Sunday newspapers are reporting that National Prosecuting Authority (NPA) boss Shamila Batohi has demanded answers from the South Gauteng director of public prosecutions, Andrew Chauke, on various decisions he made, or allegedly made, so that she can decide what to do about it, and him.
There is reportedly bad blood between the two prosecution bosses and City Press has described the letter to Chauke as a “precursor” to his being removed from his important position.

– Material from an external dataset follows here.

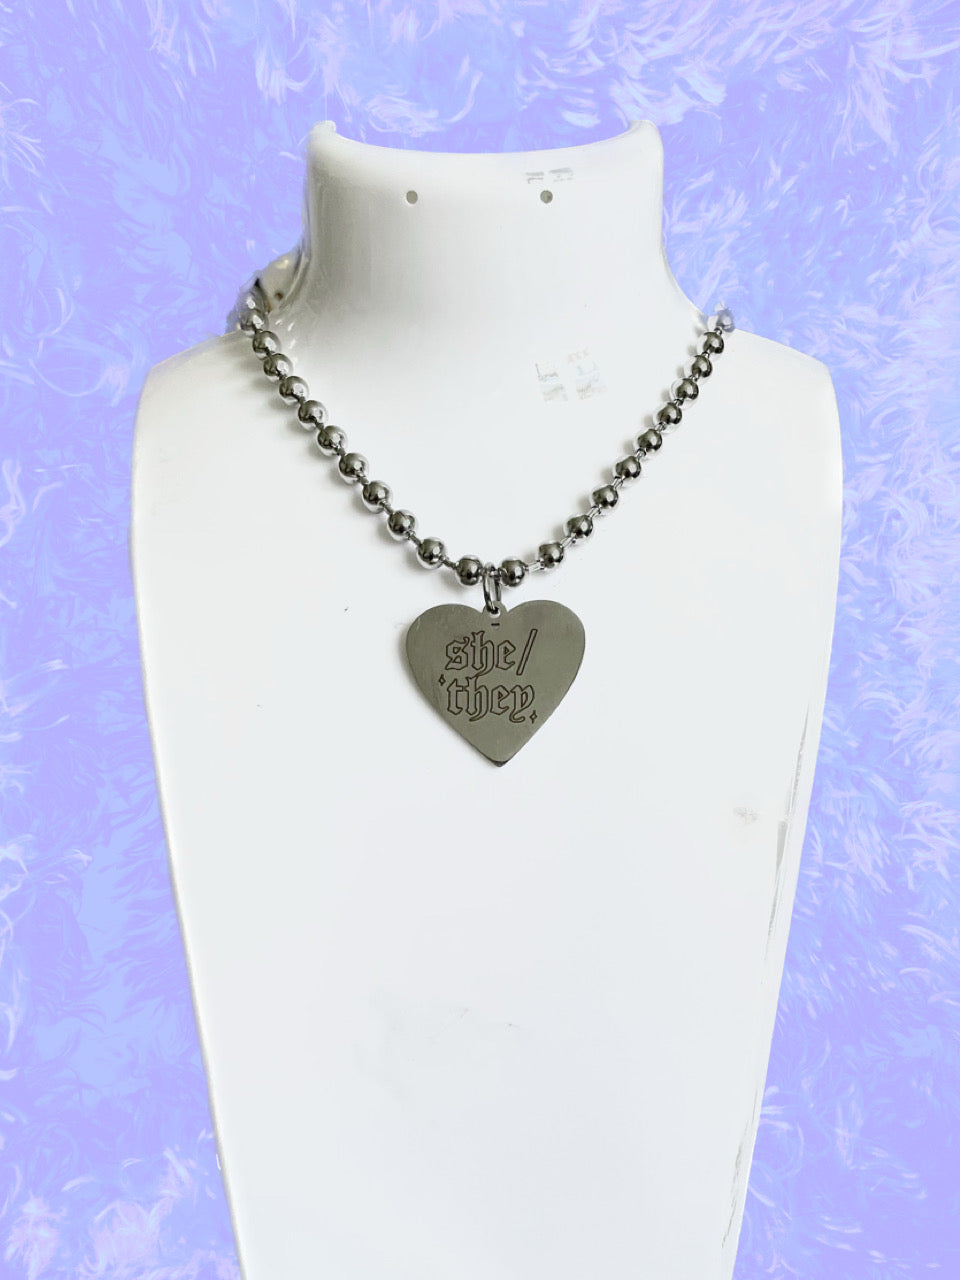 he/they ✮ she/they heart ball chain necklace

Batohi has, among other things, questioned Chauke on his apparent initial reluctance to prosecute former president Jacob Zuma’s son Duduzane for culpable homicide despite a magistrate having found there was prima facie evidence that Duduzane may have been negligent when losing control of his Porsche and crashing into a taxi in 2014. A Zimbabwean woman died and three people were left injured.
Batohi also questioned Chauke on why former police crime intelligence head Richard Mdluli was not prosecuted on a murder charge related to the 1999 shooting death of Oupa Ramogibe, who had an affair with Mdluli’s customary wife.
In 2019, Mdluli and his co-accused, Mthembeni Mthunzi, were found guilty of the kidnapping and assault of Ramogibe.
They were sentenced to to an effective five years in jail.
Duduzane Zuma was, however, acquitted on culpable homicide and reckless driving charges at the Randburg Magistrates’ Court in 2019 and Chauke, in his responding letter, used this fact in partly defending his earlier reluctance to have charged the younger Zuma.
Sunday World has reported that in response to Batohi’s demand for an explanation for why there had been a delay of 10 years to prosecute former Gauteng health MEC Brian Hlongwa for tender corruption involving about R1.2 billion, Chauke denied that he had been delaying the case. He said that a racketeering case against Hlongwa was close to being finalised.
According to Sunday World, he also played down his involvement in charging former KwaZulu-Natal Hawks boss Johan Booysen for racketeering related to the so-called Cato Manor death squad – which led Booysen to file a R7 million wrongful arrest and malicious prosecution damages suit against the state. That is yet to be finalised.
The NPA declined to comment on correspondence between its officials, while neither Batohi nor Chauke were willing to comment about it either.